Я лежал в постели и был совершенно спокоен, счастлив и полон надежд. Раз в день нам давали поесть — как правило, мучную похлебку, иногда бобовый или гороховый суп, казавшийся изысканным деликатесом. Порой и во второй половине дня кое-что перепадало. Однако еды было недостаточно, чтобы спасти моих соседей по палате, страдавших от тяжелых голодных отеков. Они умирали один за другим, и их места тотчас занимали такие же безнадежные больные. У всех были отеки, незаживающие раны и водянка. Доктор Шаум постоянно пунктировал плевру и околосердечную сумку — единственное, пожалуй, что он мог сделать в этих условиях. Меня особенно тронула смерть моего соседа, тринадцатилетнего мальчика, которому несколько раз пунктировали околосердечную сумку. Его никто не навещал, он скончался почти беззвучно и был закопан в братской могиле вместе с другими бесчисленными безымянными жертвами. Та же участь была бы суждена и мне, если бы мама не начала почти ежедневно приносить чего-нибудь с черного рынка: кусок хлеба, немного конского жира, консервы, снова хлеба. Она быстро сообразила, что без добавочного питания я никогда не поправлюсь. У нее самой опять было воспаление оболочки сухожилия, и она смастерила себе для ношения кофейника нечто вроде лотка, который подвешивался на шею. Теперь она выглядела заправской маркитанткой. С утра до вечера на ногах с единственной целью — раздобыть хлеба или другой какой еды, что требовало напряжения всех сил. Отец должен был искать дрова, поддерживать огонь и варить кофе, а мама на рынке без устали зазывала и продавала этот горячий бодрящий напиток.
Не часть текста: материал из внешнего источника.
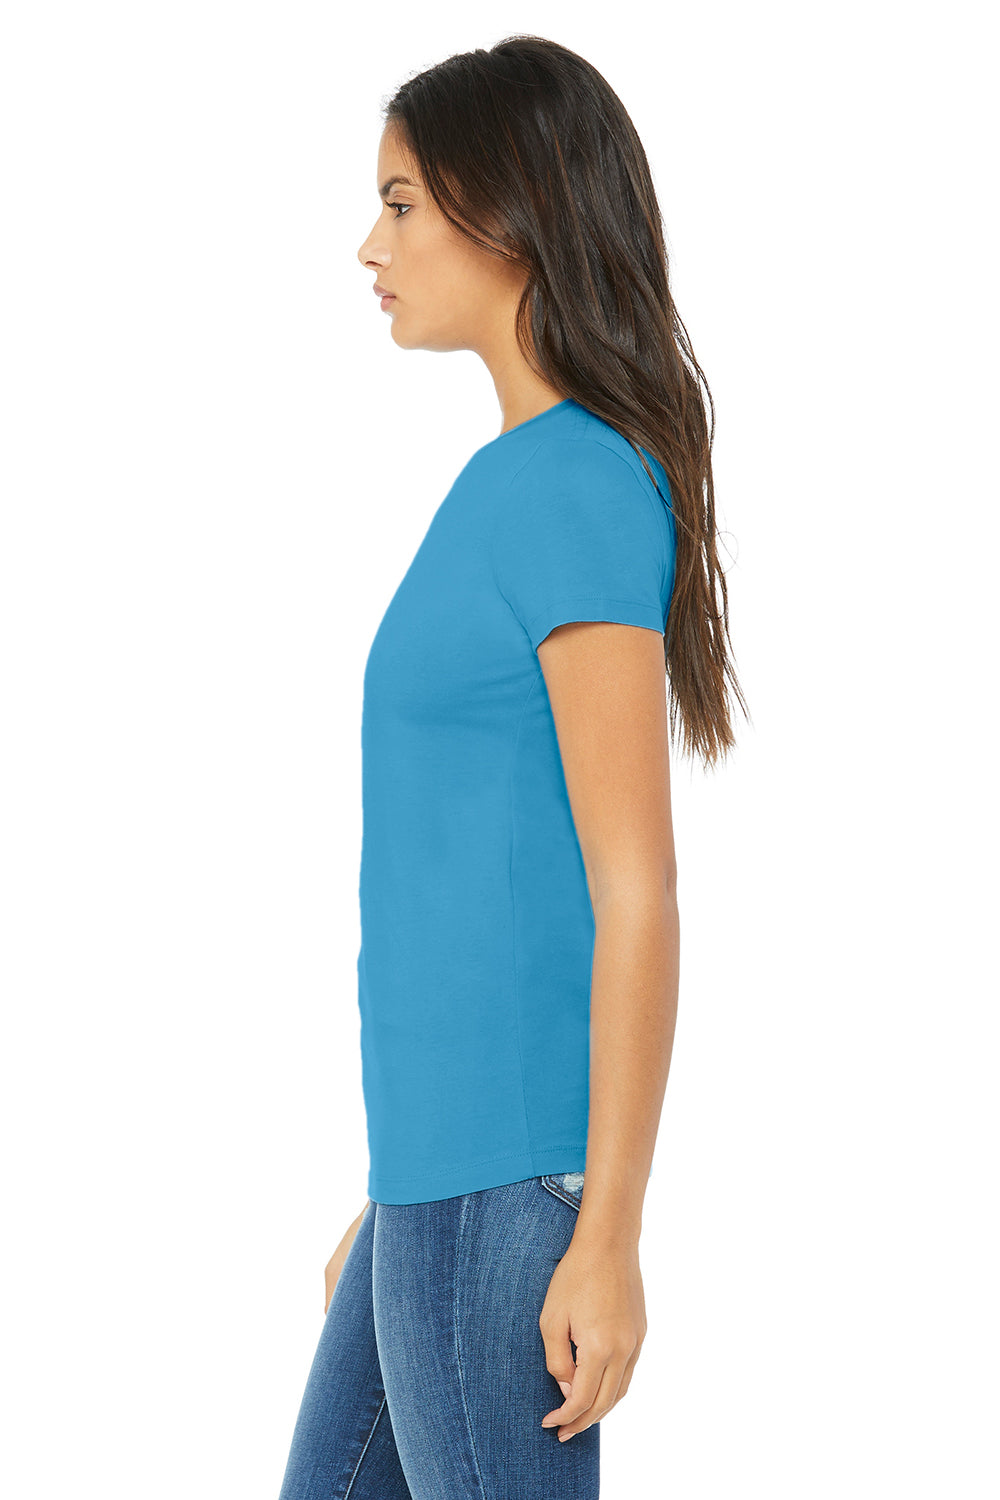 Bella + Canvas 6004 Womens The Favorite Short Sleeve Crewneck T-Shirt Aqua Blue Side
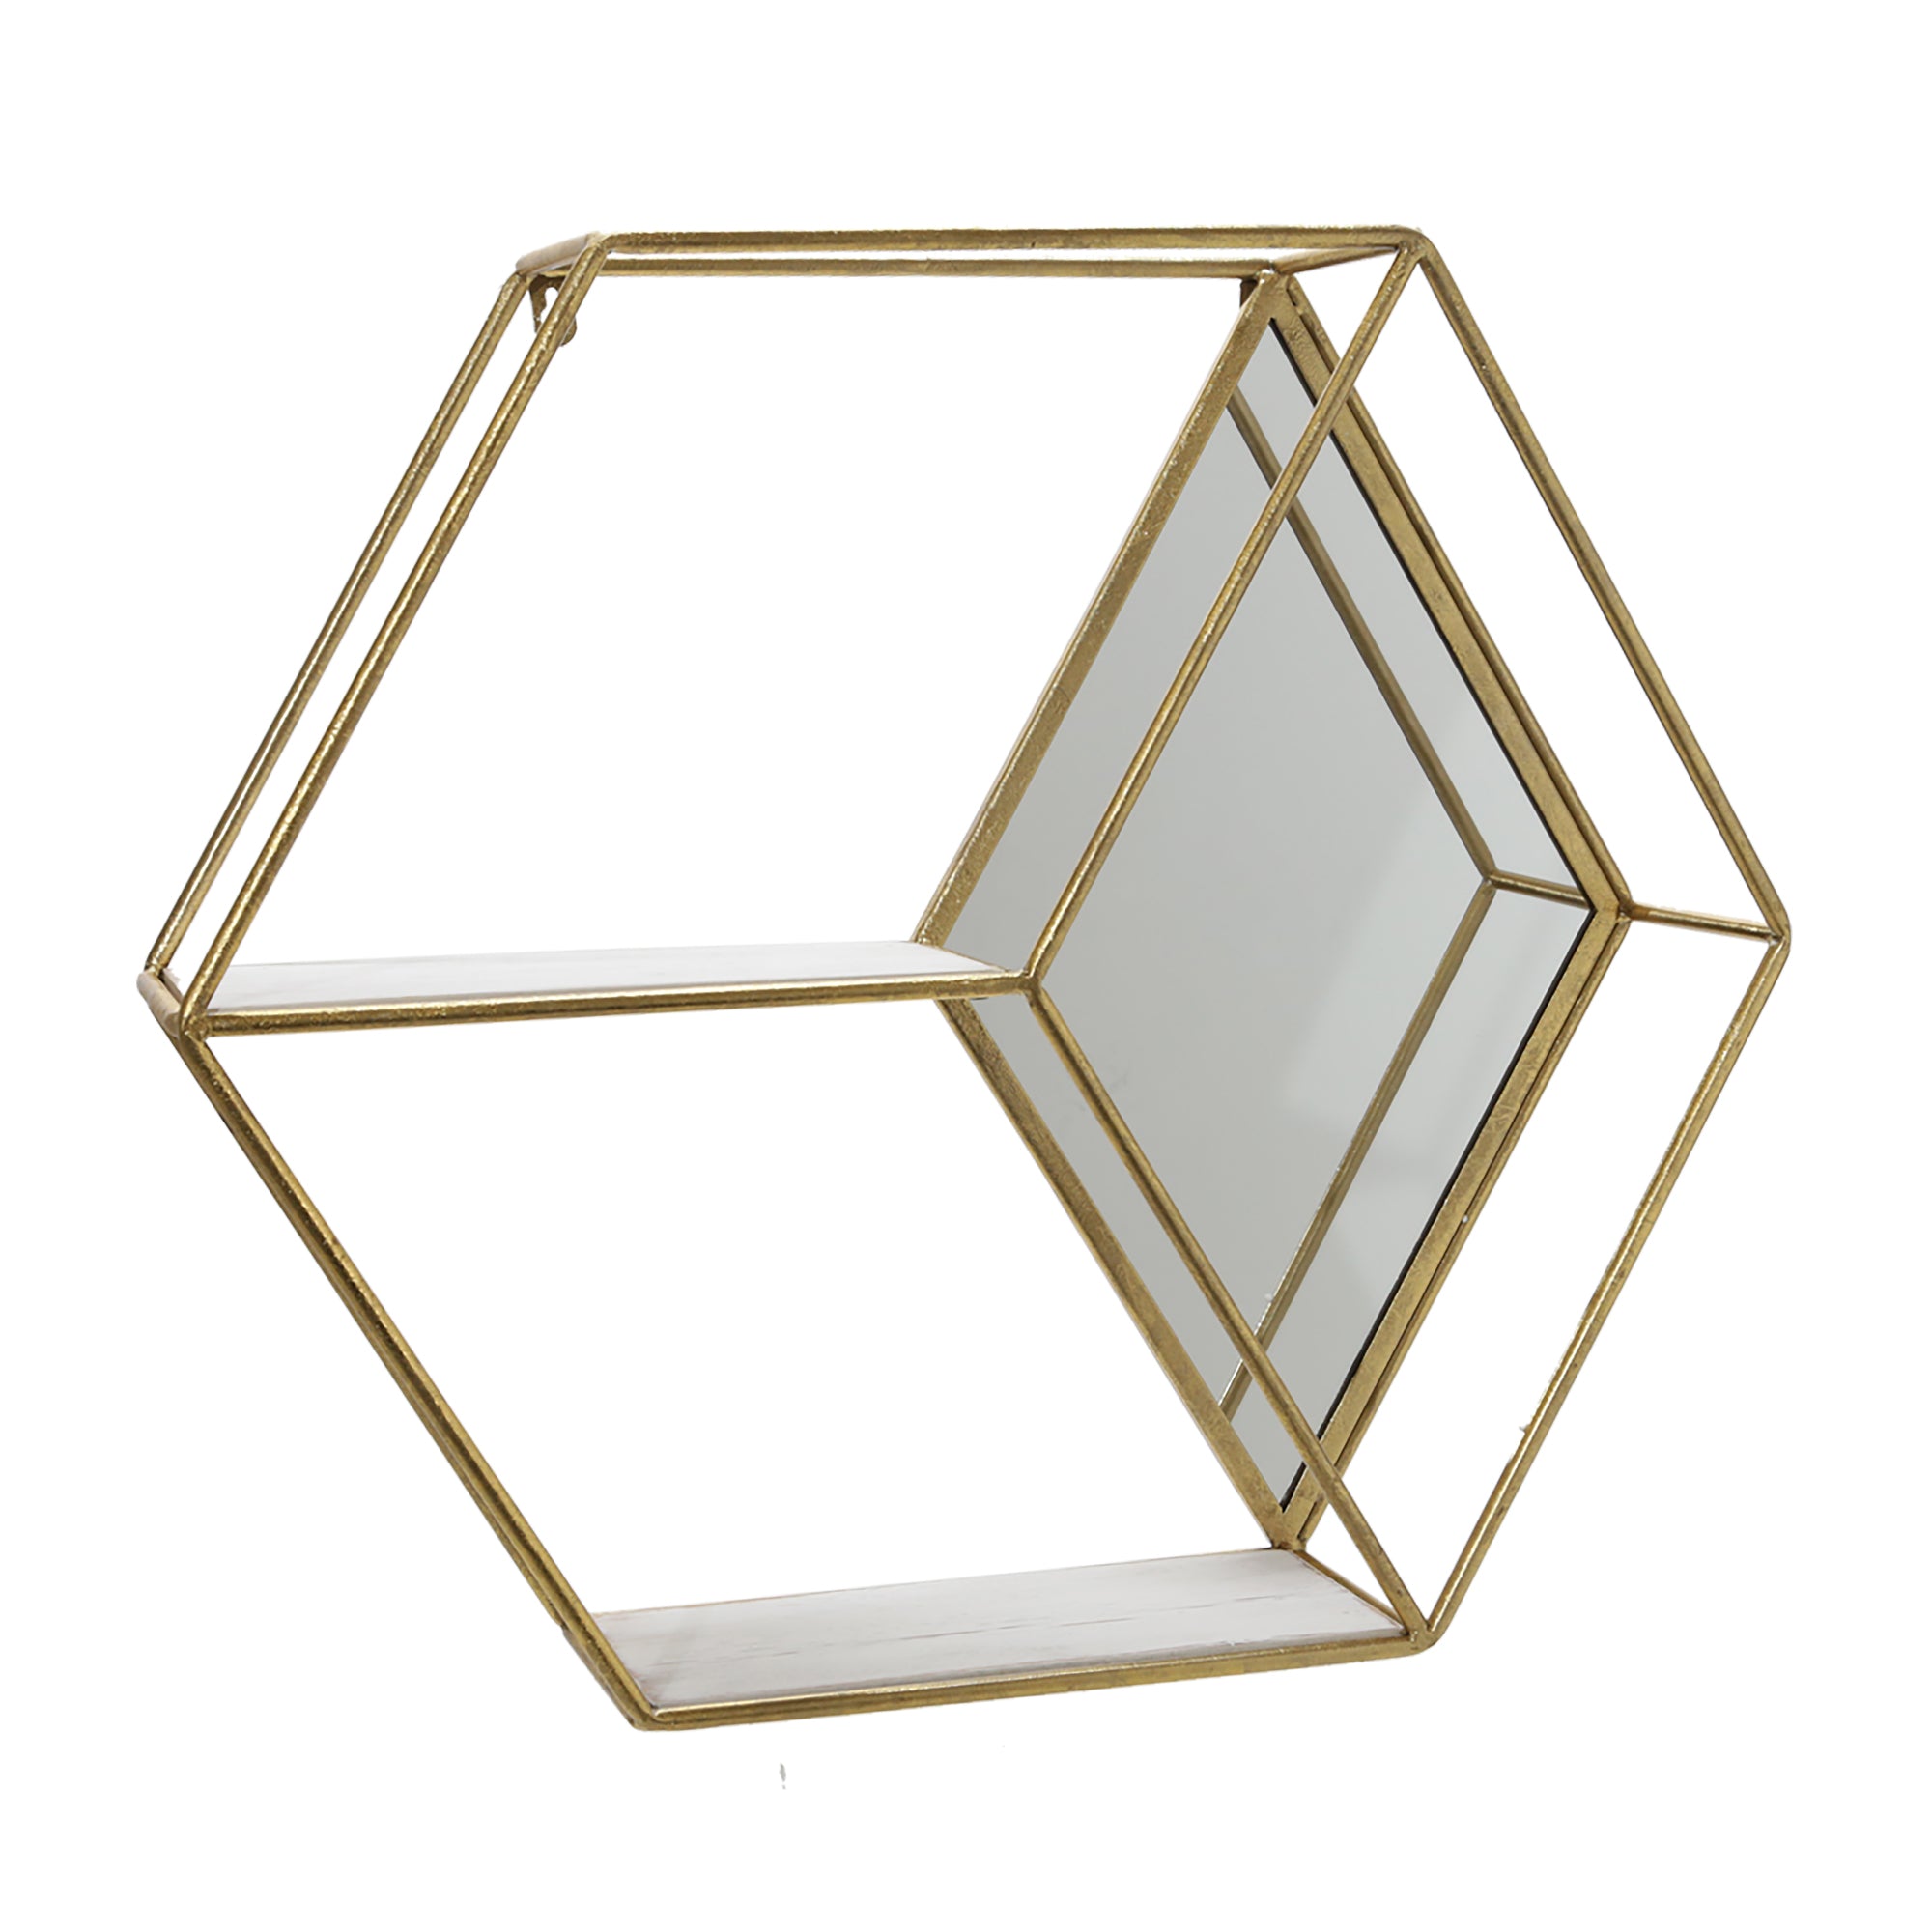 20" Hexagon Mirrored Wall Shelf, Gold, Wall Storage

Принося еду, она совала мне ее под одеяло, и я съедал все сразу и, насколько это удавалось, незаметно. Откладывать часть на потом было бессмысленно — еду воровали сразу же, как только хозяин засыпал. Кроме моего юного соседа, я ни с кем не делился — утопающий ни с кем не делится соломинкой, за которую вынужден хвататься. Ситуация была жестокая: кто еще не впал в полную апатию, говорил о еде и только о еде. Но я в состоянии безмятежного ничегонеделания чувствовал себя счастливым. Вместе с тем от моего внимания не укрылось, что среди находившихся в больнице имелось и некоторое число паразитов, которые пользовались скудным пайком, выделявшимся военной администрацией для персонала и пациентов. Доходили до больничных палат и слухи о злоупотреблениях при распределении продовольствия и о воровстве на кухне.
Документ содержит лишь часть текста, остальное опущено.